What the task requires -
Your output should be everything below from the line containing "Cómo será la" down to the line containing "Женщина брызгает молоко фото 459-149", both ends included, copied exactly, with pictures left out.

The data -
· · ·

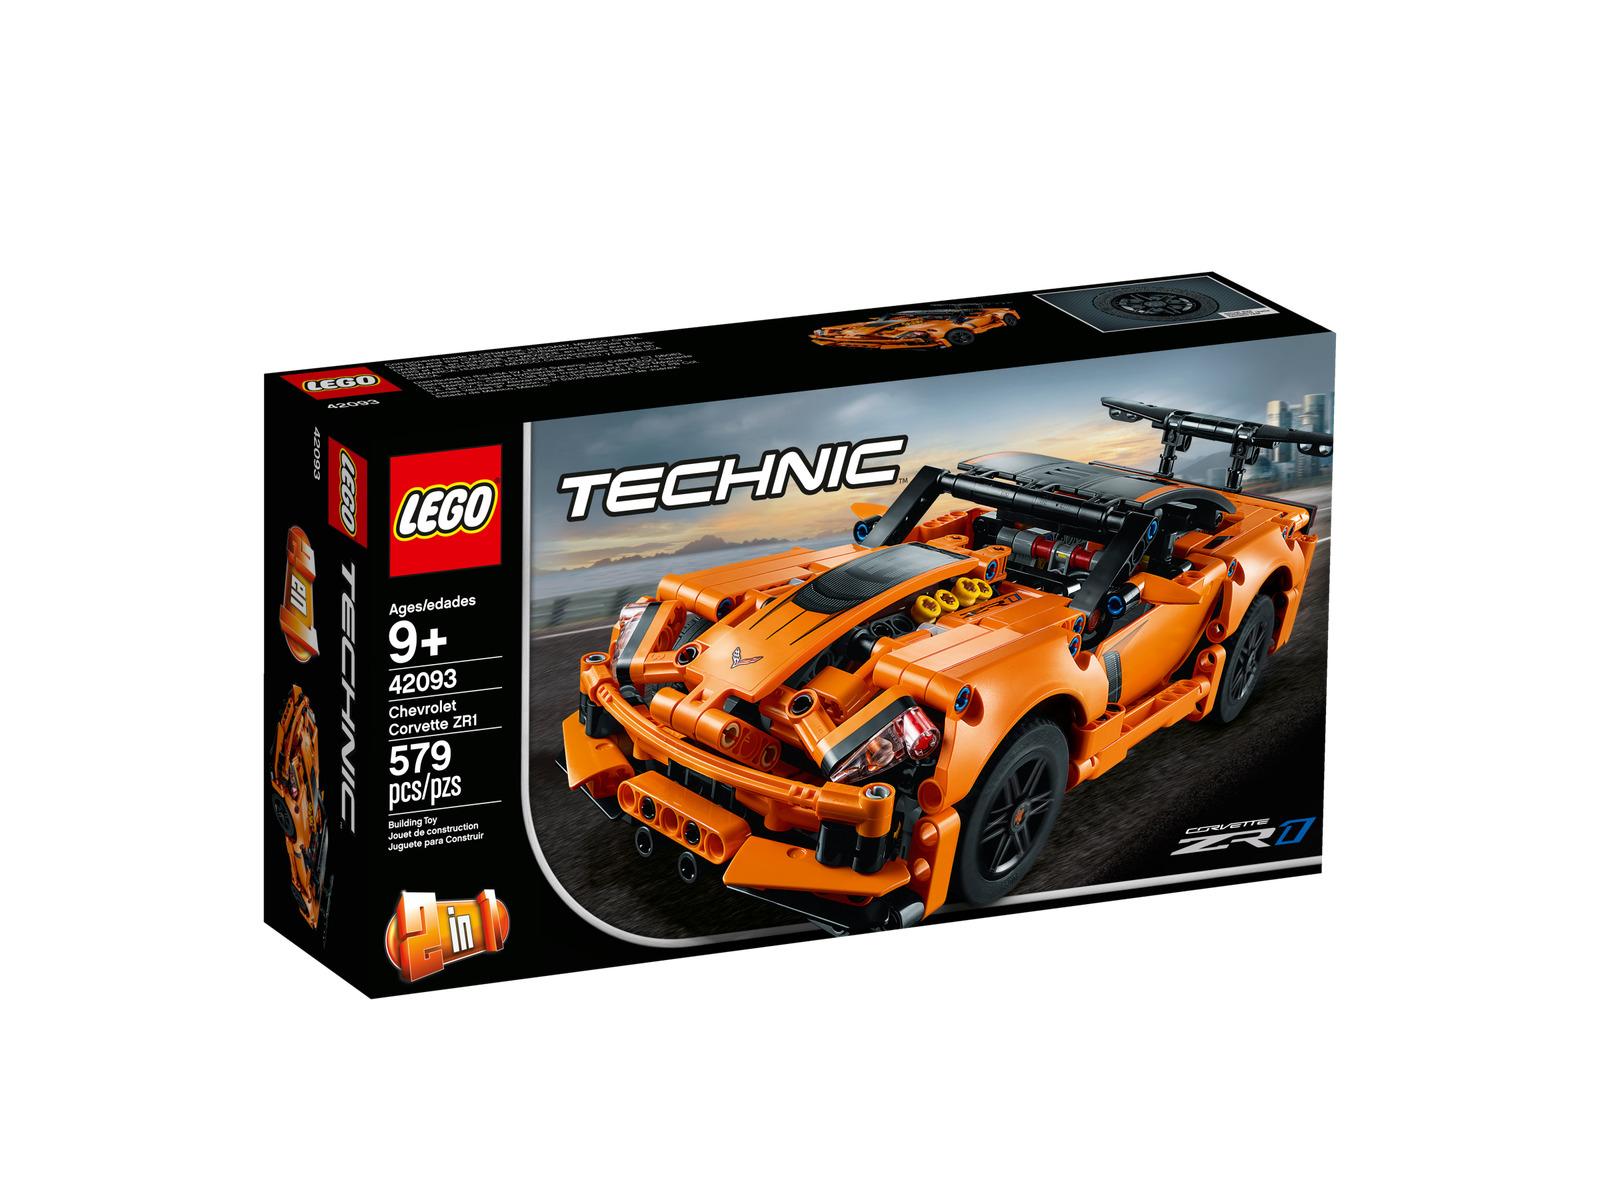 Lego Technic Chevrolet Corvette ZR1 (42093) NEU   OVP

· · ·

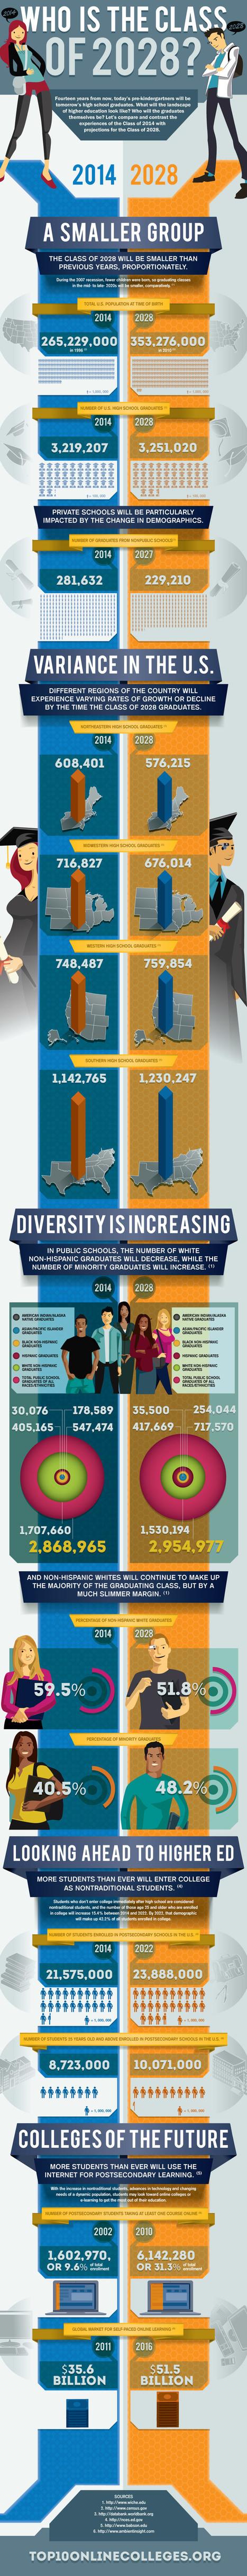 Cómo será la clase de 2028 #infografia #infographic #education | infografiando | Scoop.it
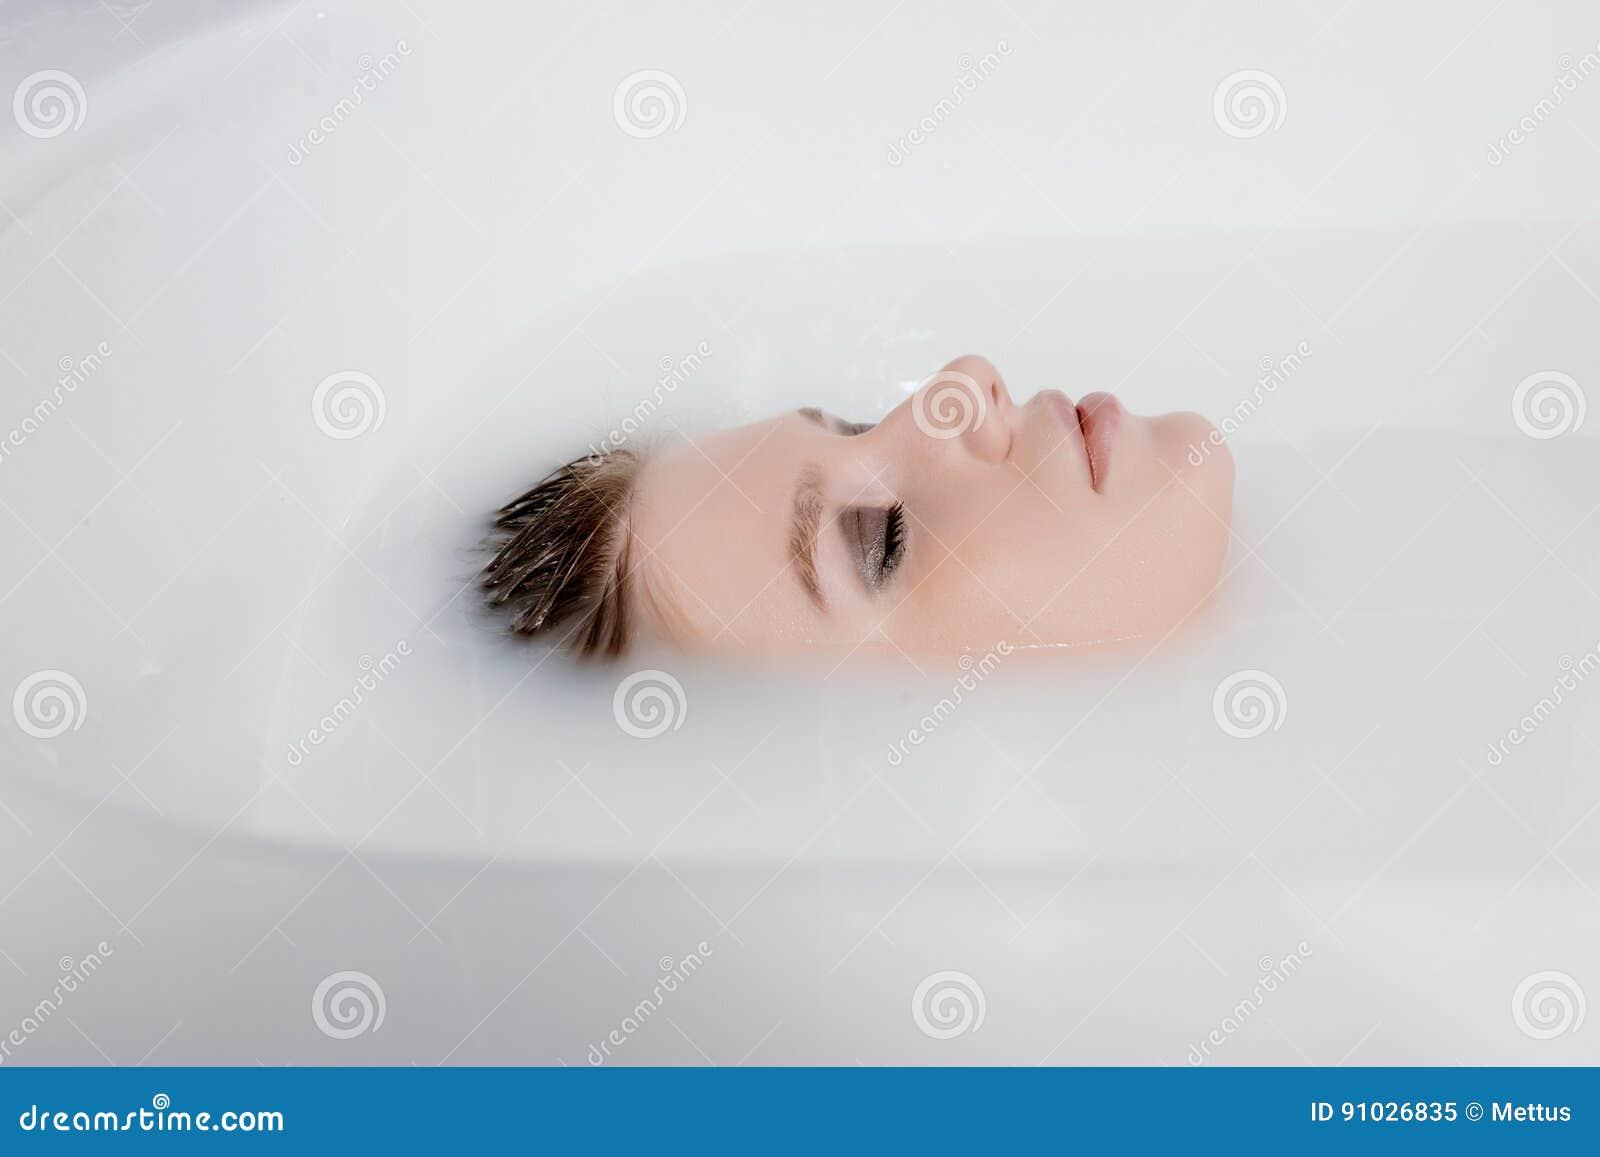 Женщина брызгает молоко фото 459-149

· · ·

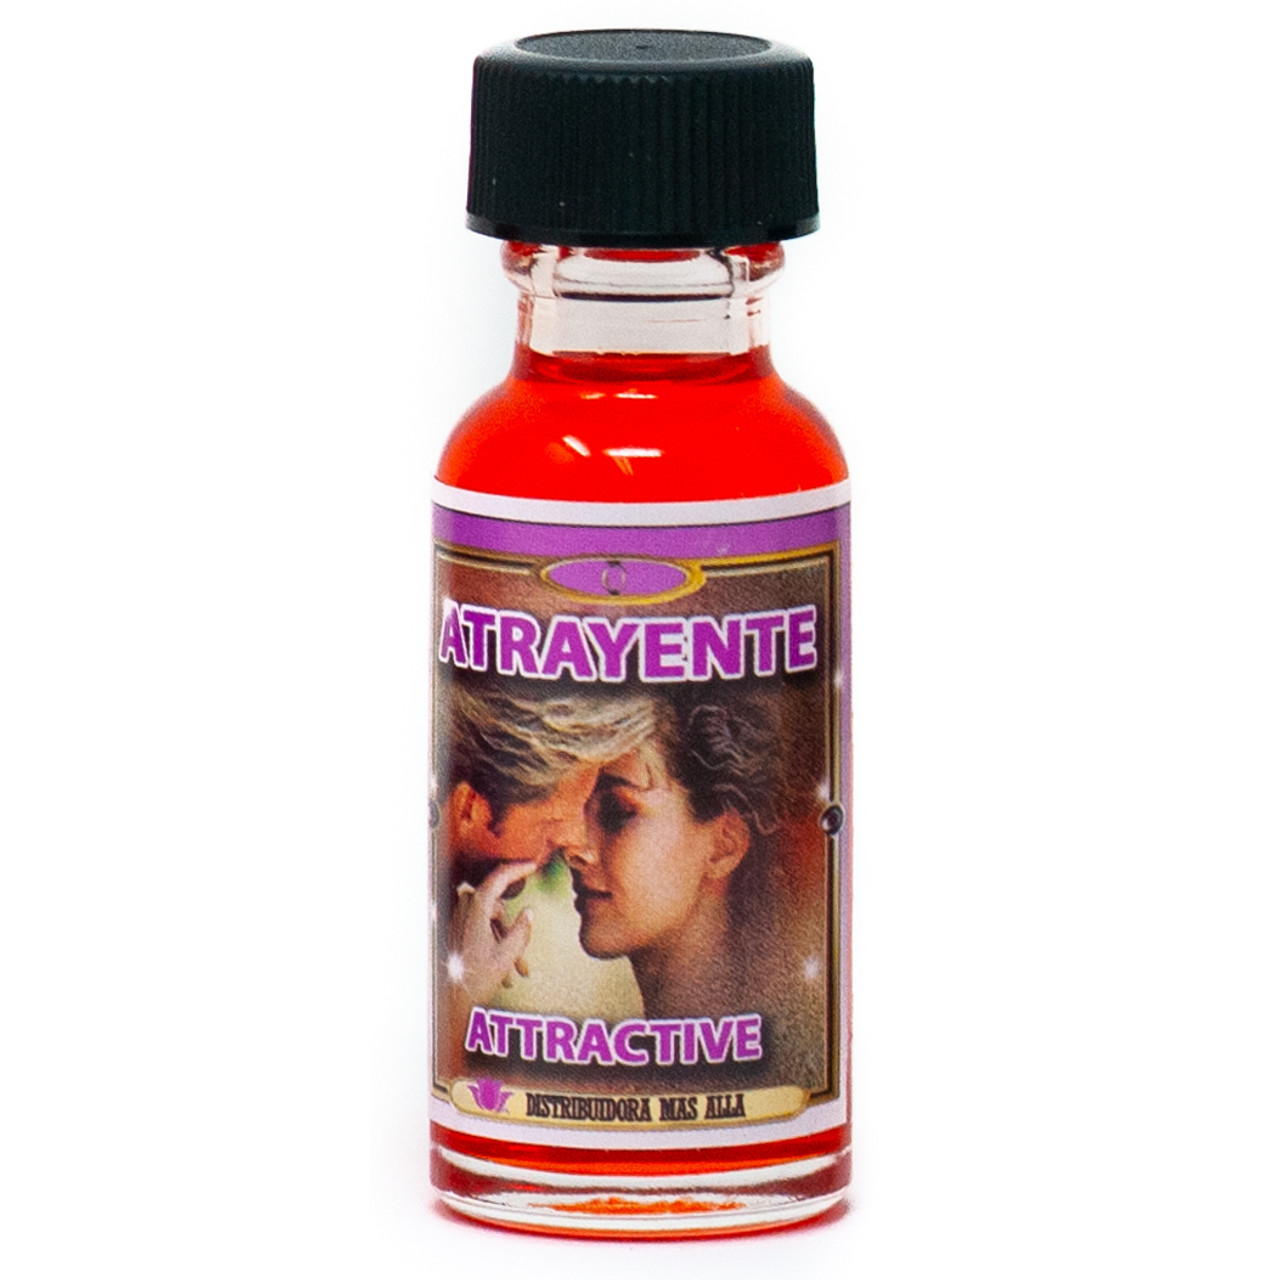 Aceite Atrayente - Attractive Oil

· · ·

Response for this exercise -
 Cómo será la clase de 2028 #infografia #infographic #education | infografiando | Scoop.it
 Женщина брызгает молоко фото 459-149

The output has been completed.